Your instructions:
Copy out all of the lines below exactly; the pictures do not belong in the copy.

Data excerpt:
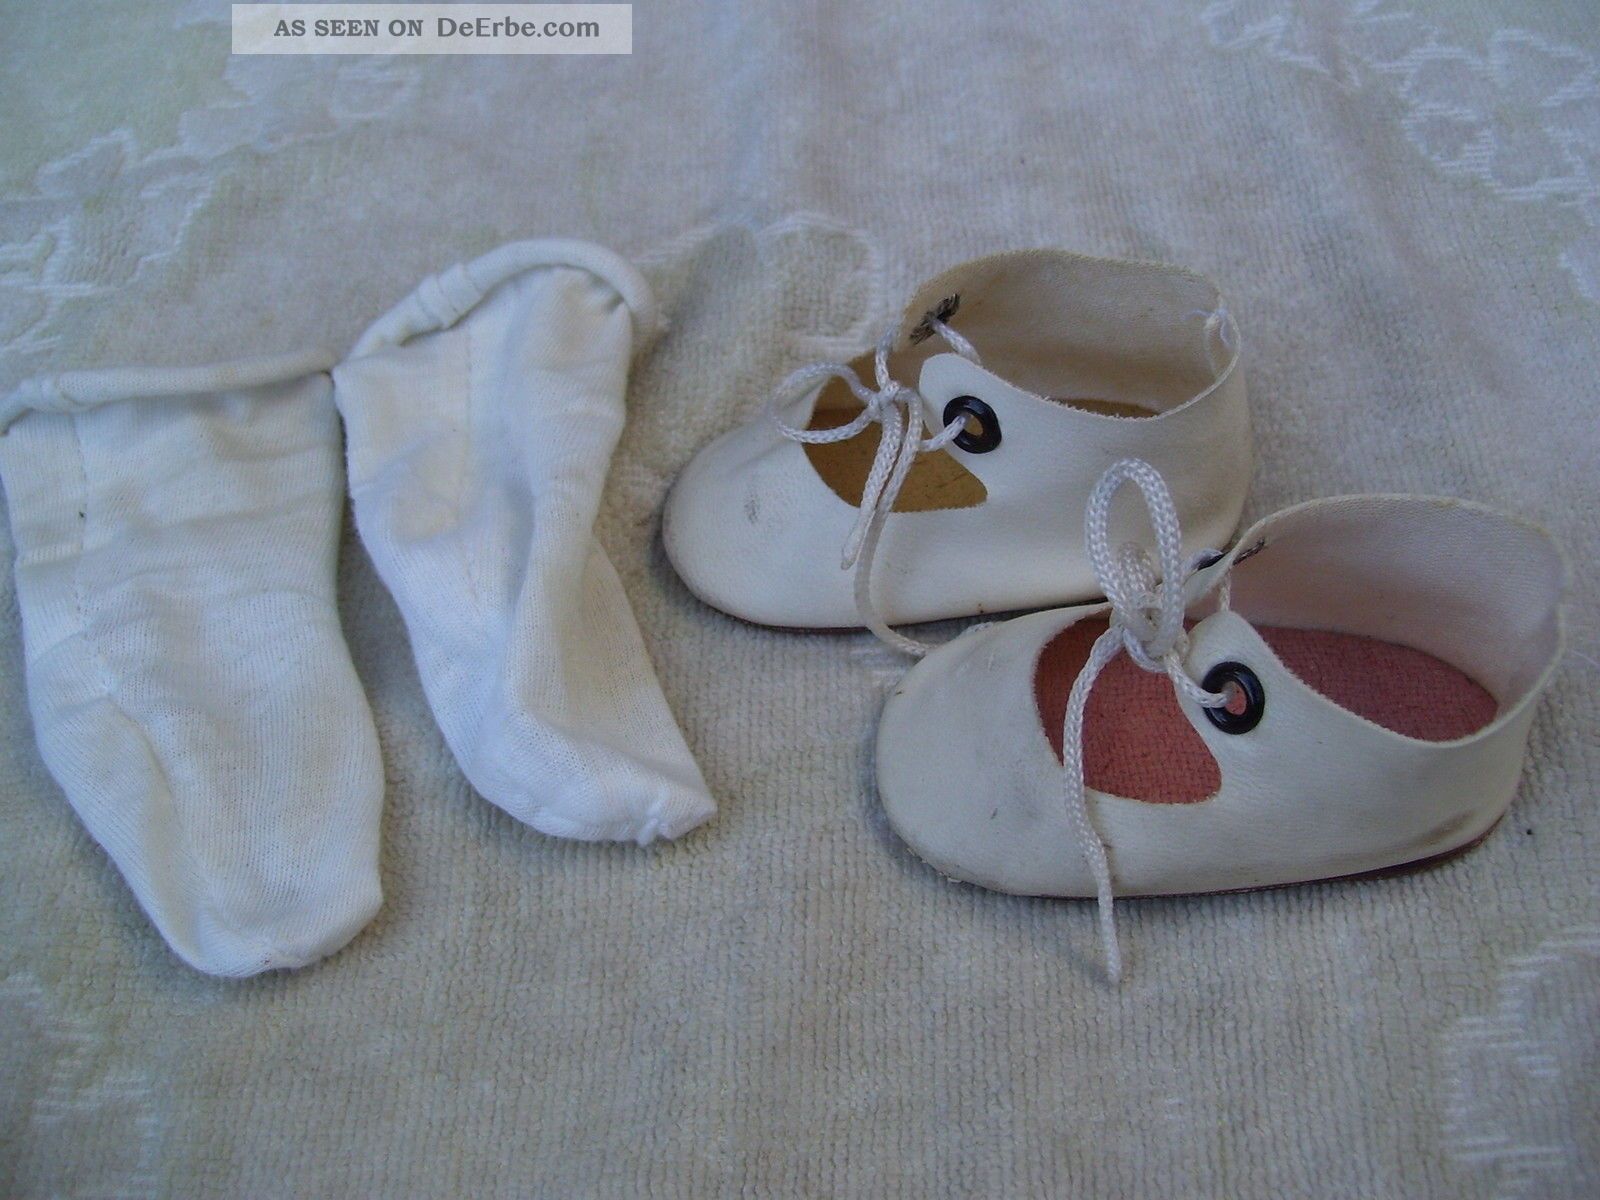 Alte Puppenkleidung Schuhe Vintage White Shoes White Socks 67 Cm Doll 8 Cm Original, gefertigt vor 1970 Bild
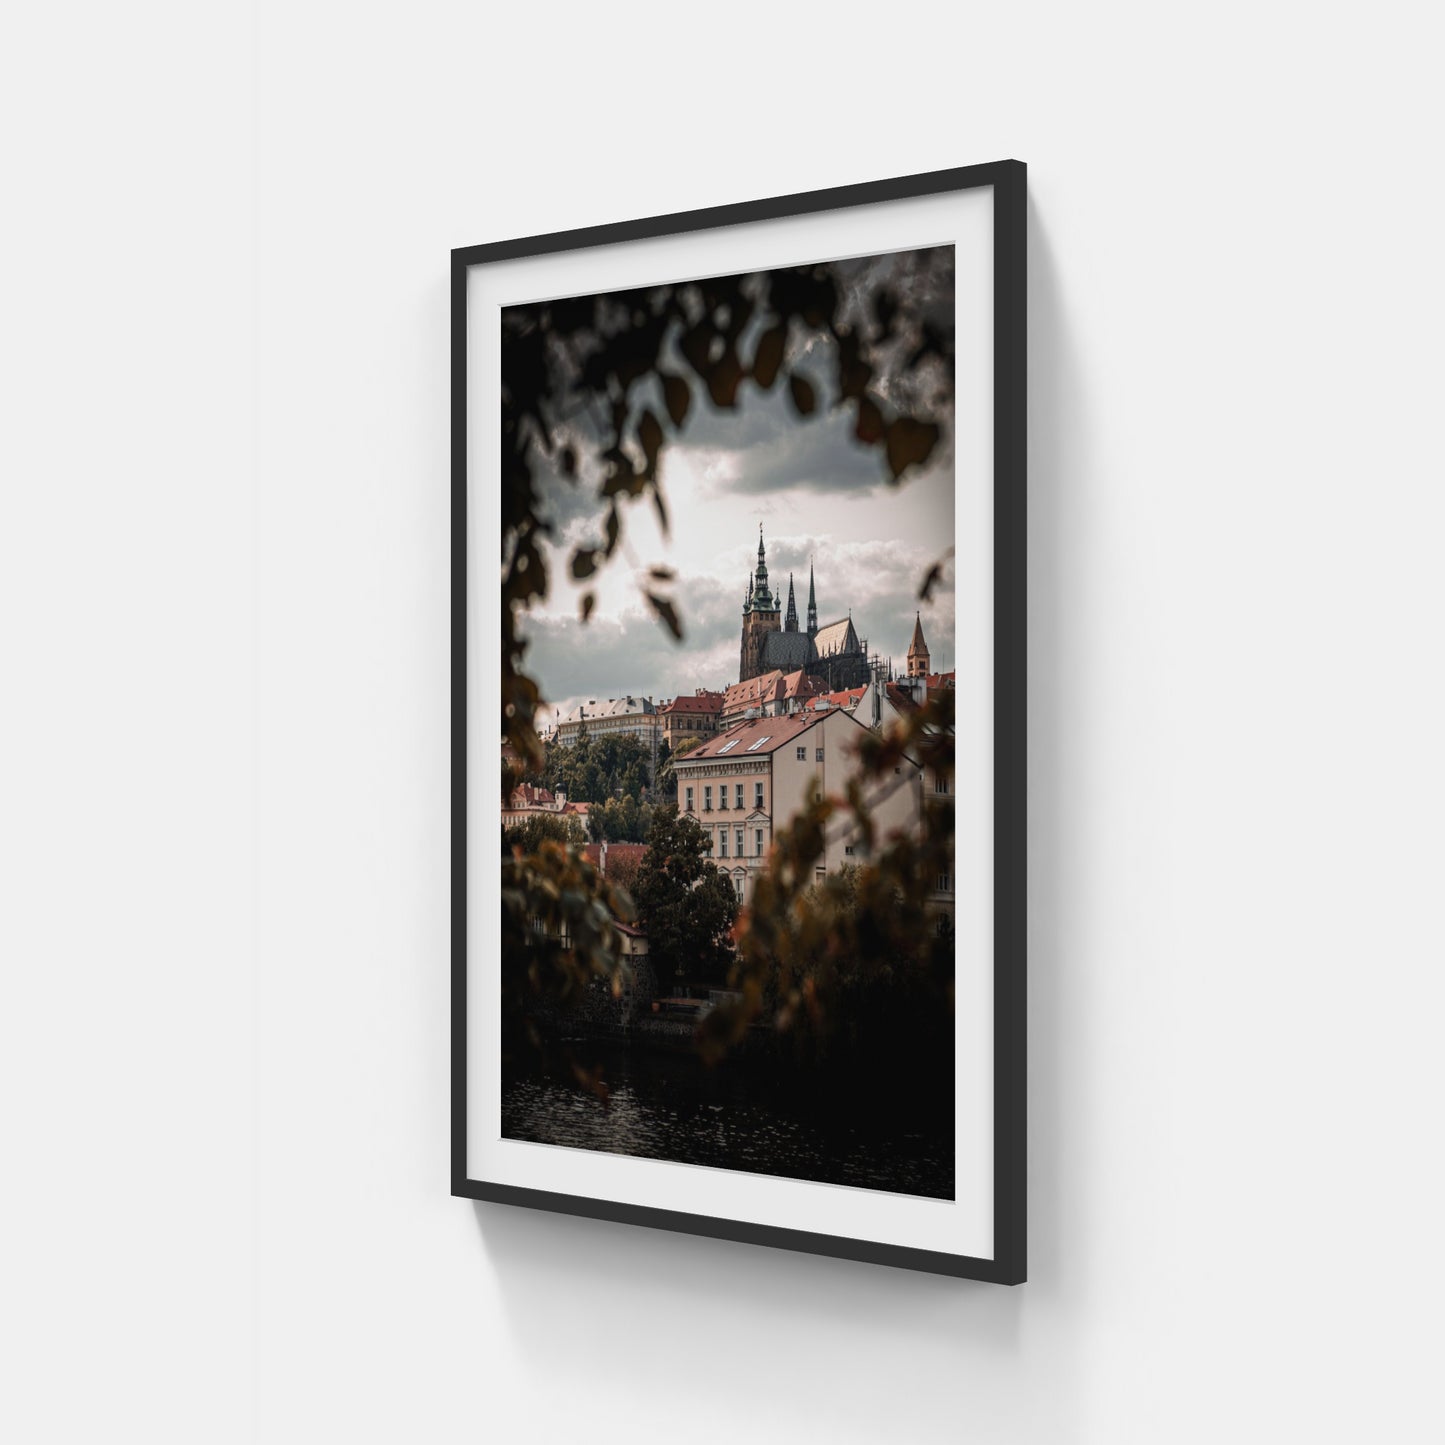 Through The Trees – Pražský hrad, CZ, 2020
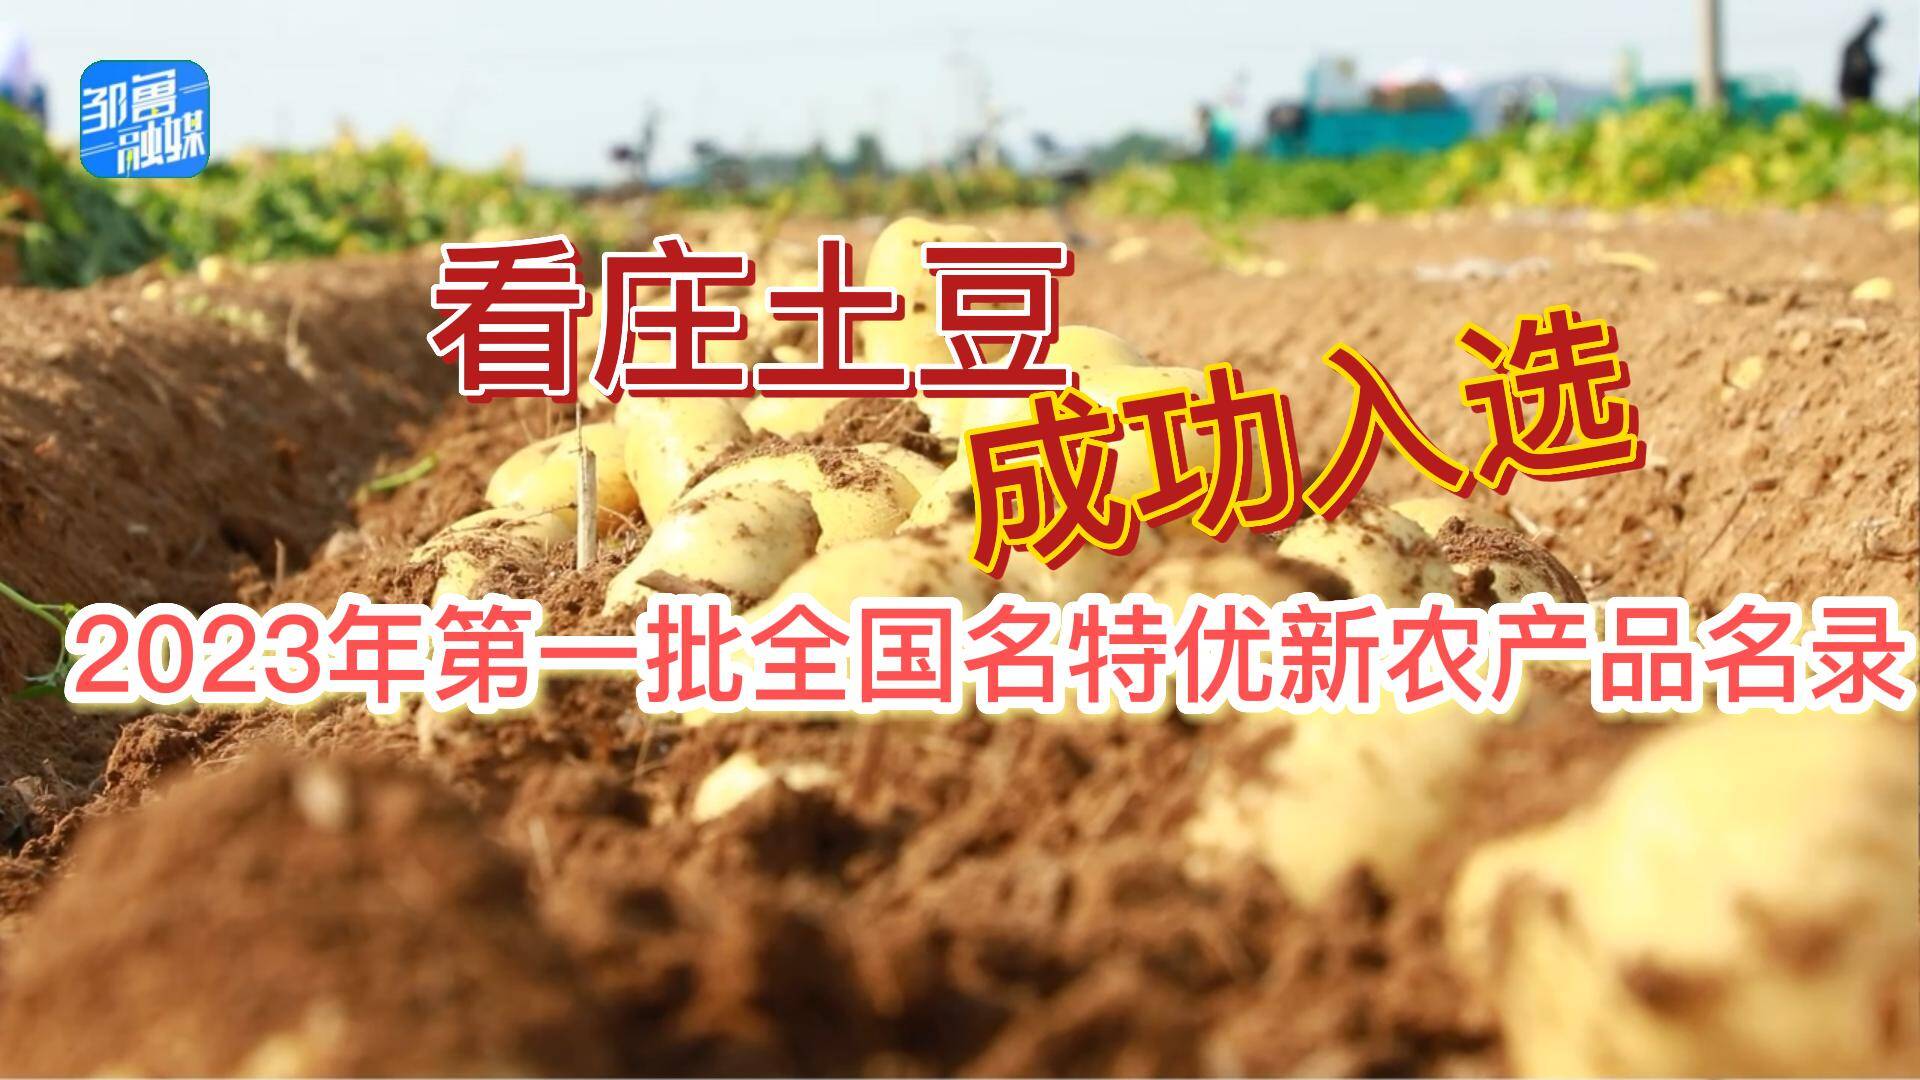 【邹视频·新闻】46 秒|看庄土豆成功入选2023年第一批全国名特优新农产品名录

Answer to this exercise:
 Alte Puppenkleidung Schuhe Vintage White Shoes White Socks 67 Cm Doll 8 Cm Original, gefertigt vor 1970 Bild
 Through The Trees – Pražský hrad, CZ, 2020
 【邹视频·新闻】46 秒|看庄土豆成功入选2023年第一批全国名特优新农产品名录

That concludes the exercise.